- Saudi Arabia may swap residential plans for an industrial and AI focus
- The desert nation is investing heavily in GPUs for state-backed AI facilities
- Coastal access offers potential seawater cooling for desert data centers
Saudi Arabia’s Neom project, known as “The Line”, was originally described as a linear urban development stretching roughly 170km across the desert.
The concept envisioned a linear city with extreme density, automated mobility, and renewable energy that would accommodate 9 million residents within its narrow footprint.
However, reports now suggest officials are reconsidering this vision after internal reviews revealed delays, rising costs, and broader fiscal pressure – and sources cited by the Financial Times say the revised plan may abandon large-scale residential ambitions in favor of far smaller industrial use.
Focus on AI infrastructure and data centers
In this context, planners are reportedly considering the site as a hub for cloud hosting and large-scale data centers designed to support intensive compute workloads.
It will probably prioritize high-density server deployments for AI training and inference, rather than housing or urban services.

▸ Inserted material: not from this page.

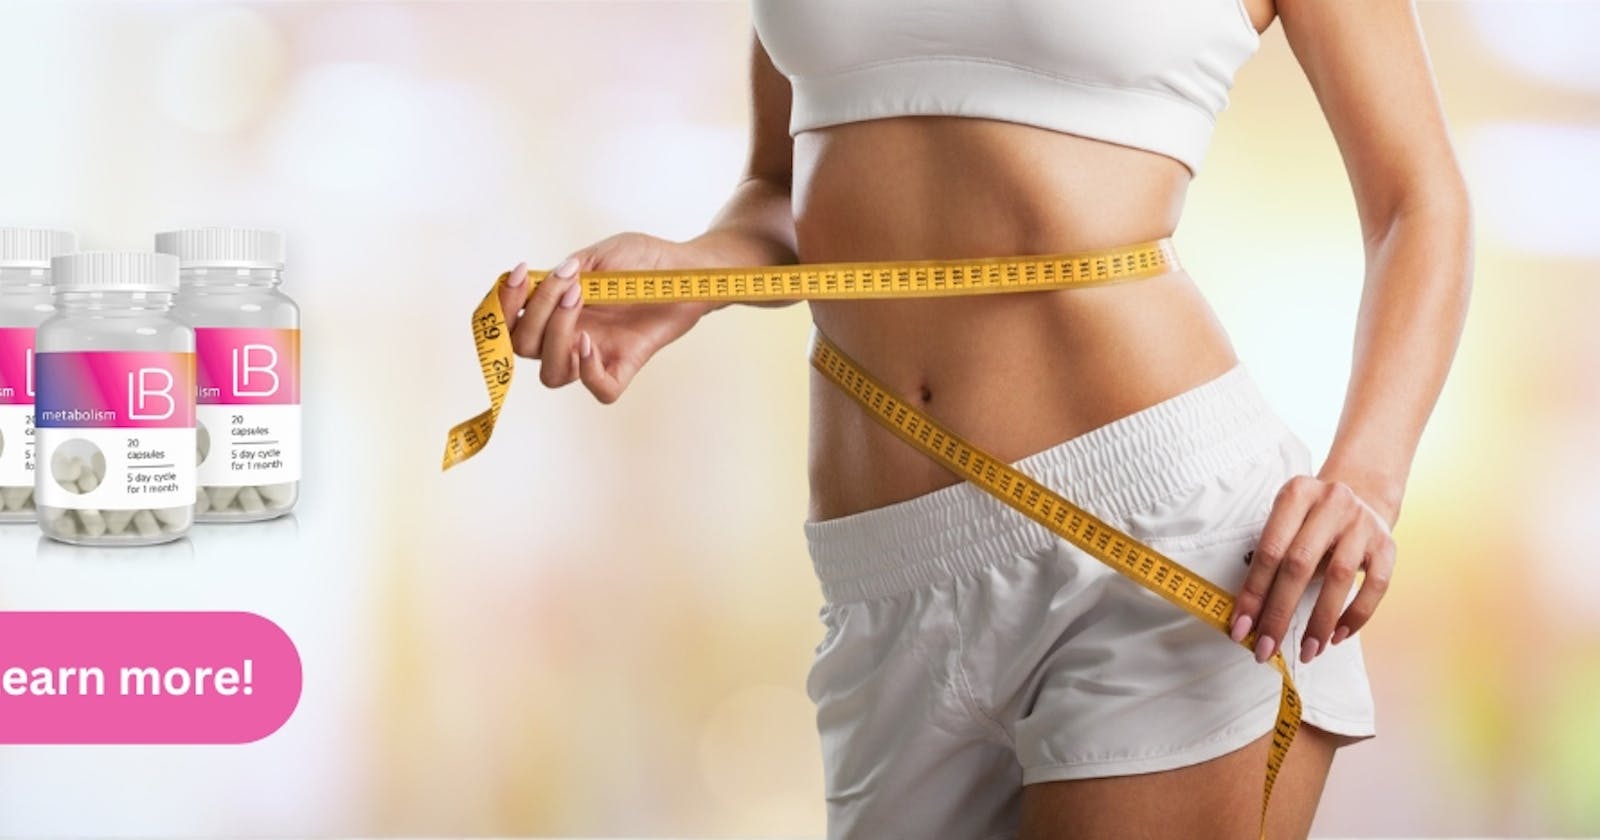 Liba Weight loss Capsules UK - Reviews, Benefits, Side Effects, Price!

Some accounts suggest operators would favor bare metal infrastructure to maximize performance and utilization efficiency.
Saudi Arabia has recently accelerated investment in AI capacity, including the acquisition of thousands of advanced GPUs for state-backed facilities.
However, Saudi Arabia’s climate poses a well-documented challenge for data center operations, especially given sustained high temperatures and limited freshwater availability.
Independent research has identified the country as one where most existing data centers operate in zones considered inefficient for cooling.
But The Line’s coastal access to the Red Sea offers a practical advantage, with planners proposing seawater cooling as a mitigation strategy.
Similar projects, such as xAI’s Colossus in Memphis, have faced scrutiny after satellite checks suggested limits in available electricity or cooling capacity for AI systems.
Whether the downscaled data center will reach full capacity remains unclear, but Saudi Arabia chose to pause The Line in favor of a smaller plan.
The desert nation has faced tightening liquidity after years of expansive public spending, while lower oil revenues and competing commitments like the Expo trade fair and the 2034 World Cup added pressure.
Neom did not directly dispute claims of a reduced scope, instead emphasizing phased development and alignment with national priorities.
This approach suggests flexibility rather than a firm commitment to the original scale or timeline.
Observers note similar adjustments have already occurred across other Saudi megaprojects.
But without a clear reaffirmation of the original plan, speculation has grown that the linear city model may no longer sit at the center of Neom’s near-term strategy.